▶ [Material provided]
---*---

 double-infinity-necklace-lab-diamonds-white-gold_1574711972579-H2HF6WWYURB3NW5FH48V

---*---

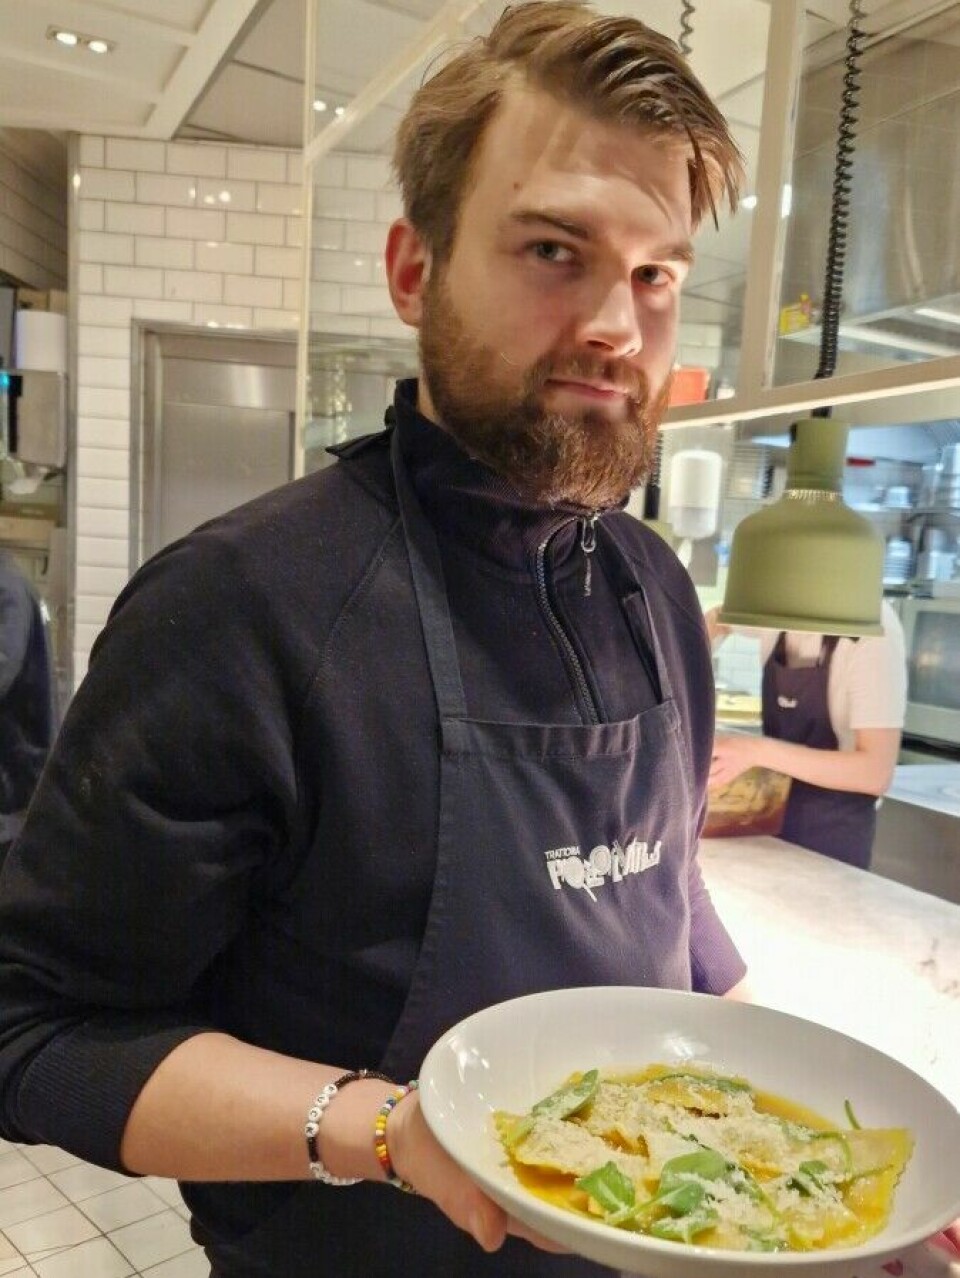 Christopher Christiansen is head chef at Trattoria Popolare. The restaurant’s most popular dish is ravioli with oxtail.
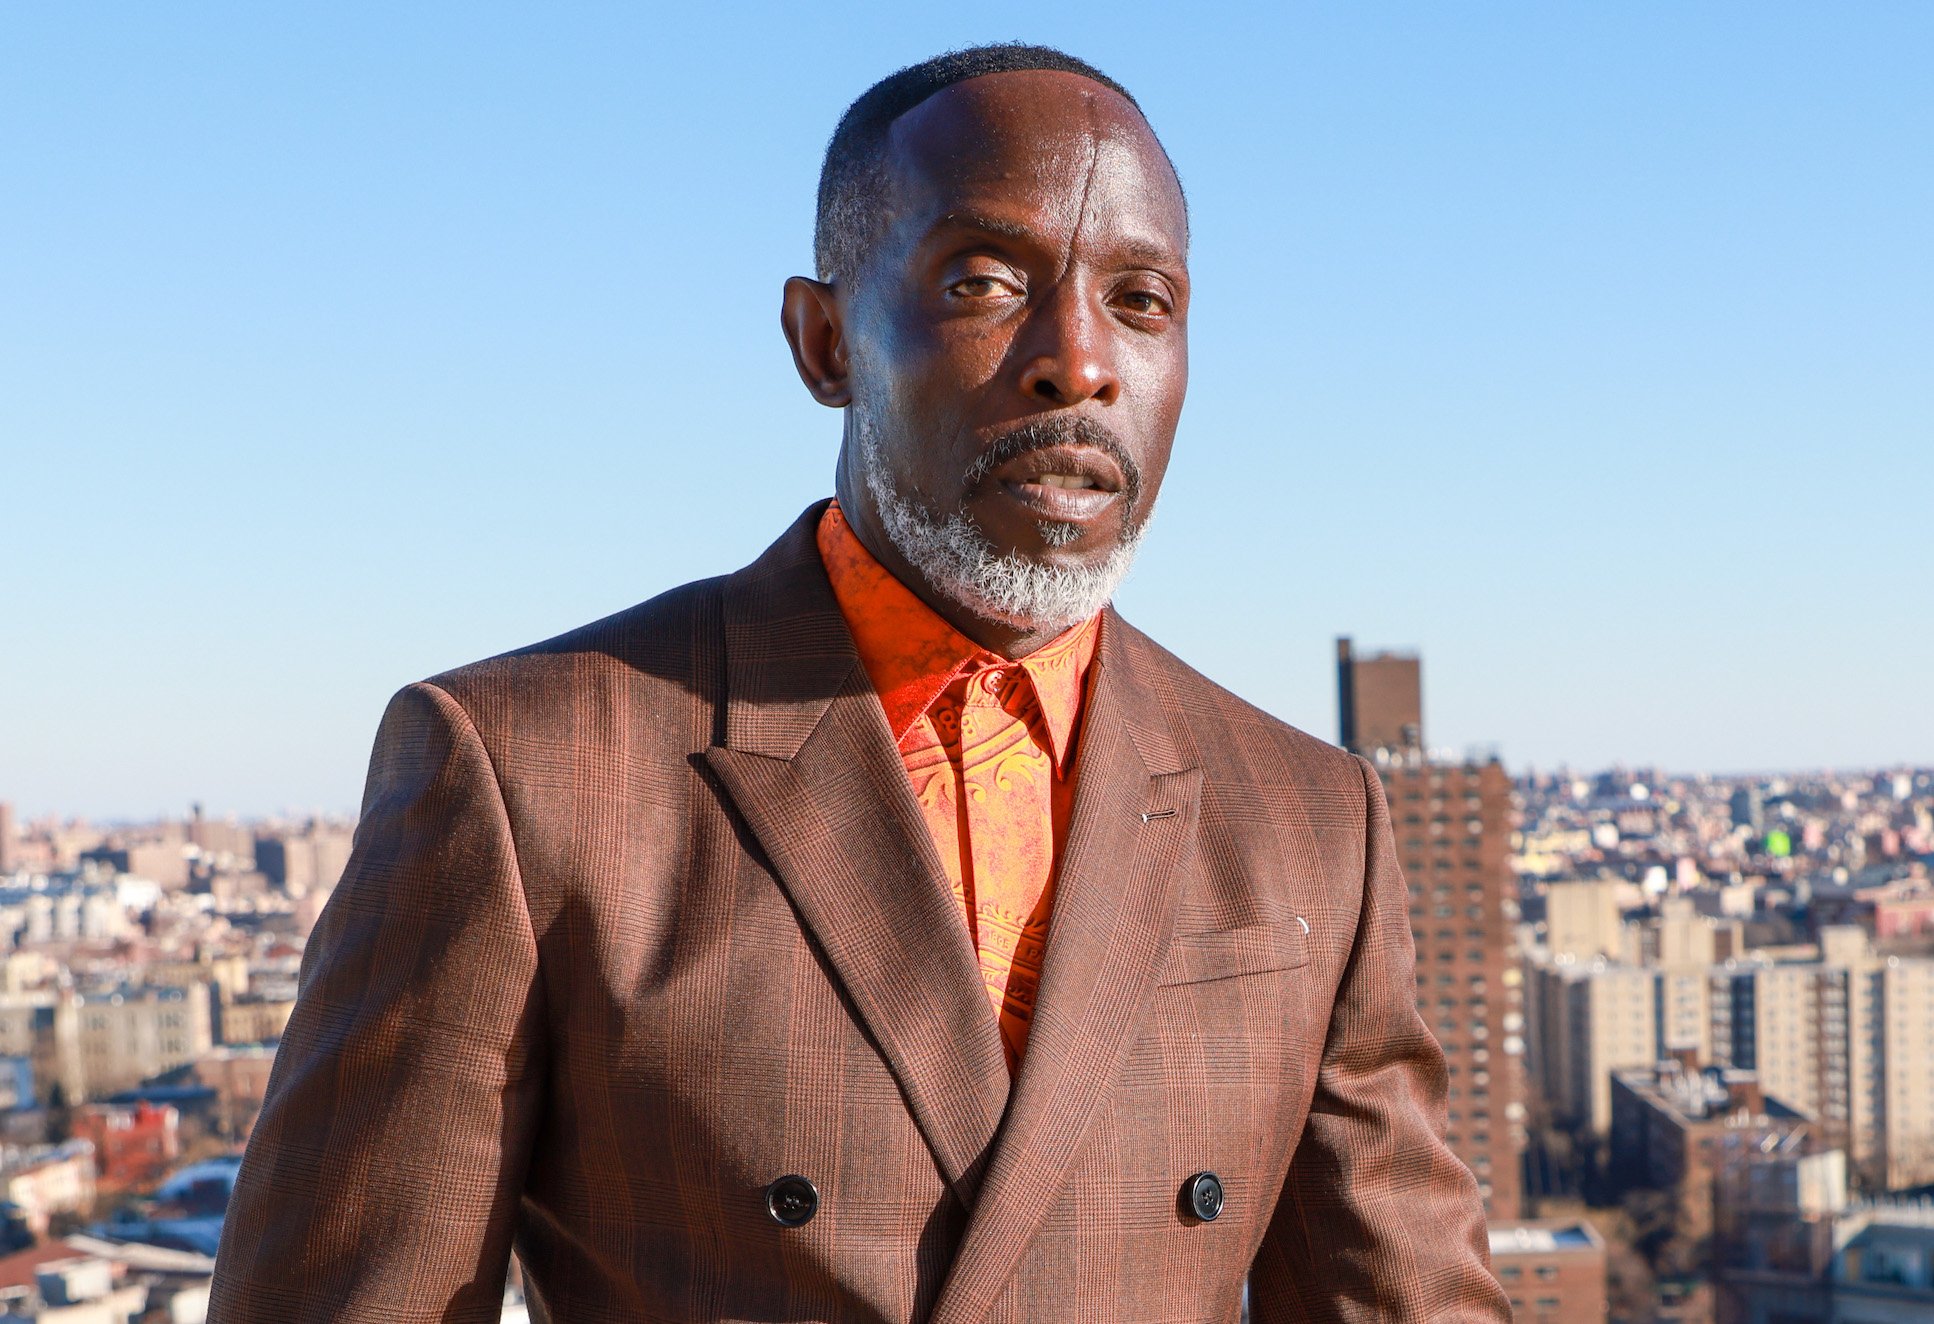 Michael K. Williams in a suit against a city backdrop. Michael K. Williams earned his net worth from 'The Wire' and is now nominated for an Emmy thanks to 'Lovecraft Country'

---*---

▶ [About this task]
Look back over the records above. Reproduce exactly everything from the line with "Christopher Christiansen is" down to the line with "Michael K. Williams in", inclusive, and leave the pictures out.

▶ [Answer to this exercise]
 Christopher Christiansen is head chef at Trattoria Popolare. The restaurant’s most popular dish is ravioli with oxtail.
 Michael K. Williams in a suit against a city backdrop. Michael K. Williams earned his net worth from 'The Wire' and is now nominated for an Emmy thanks to 'Lovecraft Country'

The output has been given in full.